Trout Lake, John Hendry Park (part 1) We (my husband, myself and the dog) went to Trout Lake to enjoy the colors. I wanted to go before the leaves had all dropped and today's weather was perfect. My husband was in charge of the dog while I (and several dozen other people) wandered around with cameras taking photos. There were so many gorgeous views and colors, I'm just going to have to post them in sections...
@pmurphy if the next section you post P are as good as the first then we are all in for another treat from Trout Lake !!!
Let's see if I can organize this. I'll start with Liriodendron tulipifera, along False Creek. These are in a group of I forget, 20 or so trees, some of which are Liriodendron chinense. I worked really hard to tell which were which one year; if I posted all that, I can't find it, but in the end, I realized that the leafbacks on L. chinense were, if not correctly called sericeous, then very close, silky smooth. I took a sample leaf of each in to Douglas Justice that year, ID'd on the basis of the flowers, and he easily was able to feel which was which. I don't remember now which of these trees were which, but I'm pretty sure this one is L chinense. I'm not certain, though, whether the yellow vs. green breakdown splits here exactly by species. L. tulipifera is in the background. In the West End is a block, now a pedestrian walk-through, of big old L. tulipifera. Here is one of the L. tulipifera, at the other end of the block, with Fraxinus angustifolia to the left of it. Moving on to Fraxinus angustifolia, I like this tree in the fall because I can recognize it even from a distance. I can almost say it's unmistakeable in the mottling of its colours, something I can hardly ever say about anything. This group is right downtown. The next day was still good weather, so I did the half-hour walk along False Creek to George Wainborn Park, where there is a grove of 30 or so F. angustifolia. Here is a photo of them from 2013. I recorded them with the cultivar name 'Raywood'. I don't know how I came up with that. Here is a single F. angustifolia along the English Bay seawall.

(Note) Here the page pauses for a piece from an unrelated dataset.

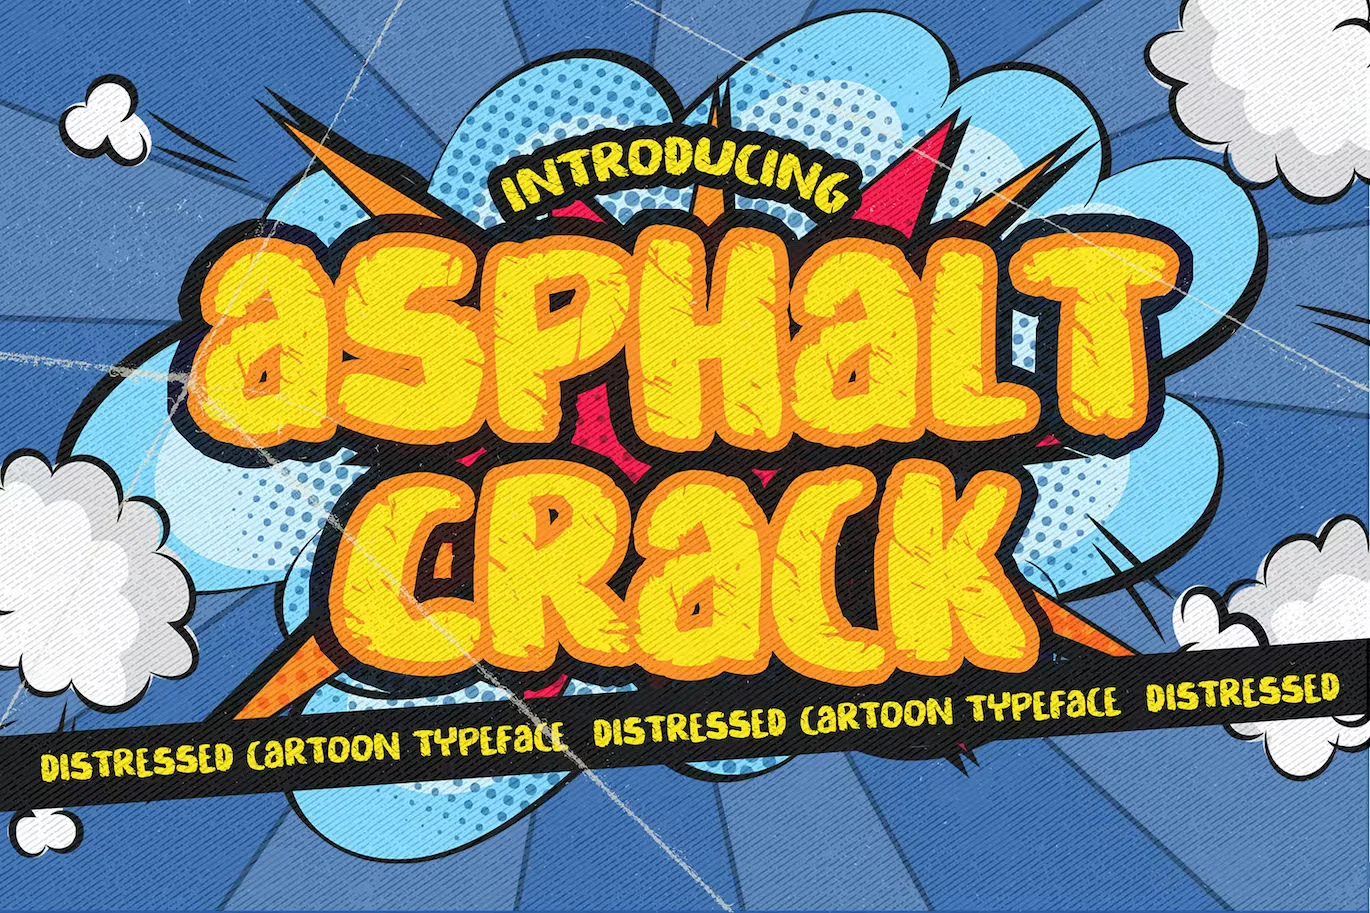 Asphalt Crack - Distressed Cartoon Typeface

Vancouver is still such a beautiful city. I was born there and sometimes I miss living there. My grandmother lived in poverty raising 4 children (husband in 'The San" with TB) in a house on a 33-foot lot that is now worth well over a million dollars. I have a book called "Through Lion's Gate" published in 1969 by the Vancouver Real Estate Board that captures the Vancouver I remember and love - before it was 'discovered' by the rest of the world. As I recall, the fall colours in the mid-20th century were lovely but certainly not as diverse as they are now with so many varieties of introduced trees and shrubs planted over the decades. The thing I do remember is how the North Shore mountains were always so vivid - any day it wasn't raining, that is.
I don't know the book, but here's a page referring to it: Through Lions Gate - Vancouver Is Awesome I see that Daniel Izzard was a painter - is it a collection of his paintings?
The original book features beautiful photographs from around the City. It was probably motivated as a promotion to introduce prospective purchasers to consider buying in Vancouver. What a hard sell! :-) But, no, not a collection of paintings.
A lot of people think of Autumn colours as the deciduous trees, but how about the bronze of a Chamarsyparis pisifera Boulevard. It goes this colour every year amongst the fallen leaves of my maples in my garden.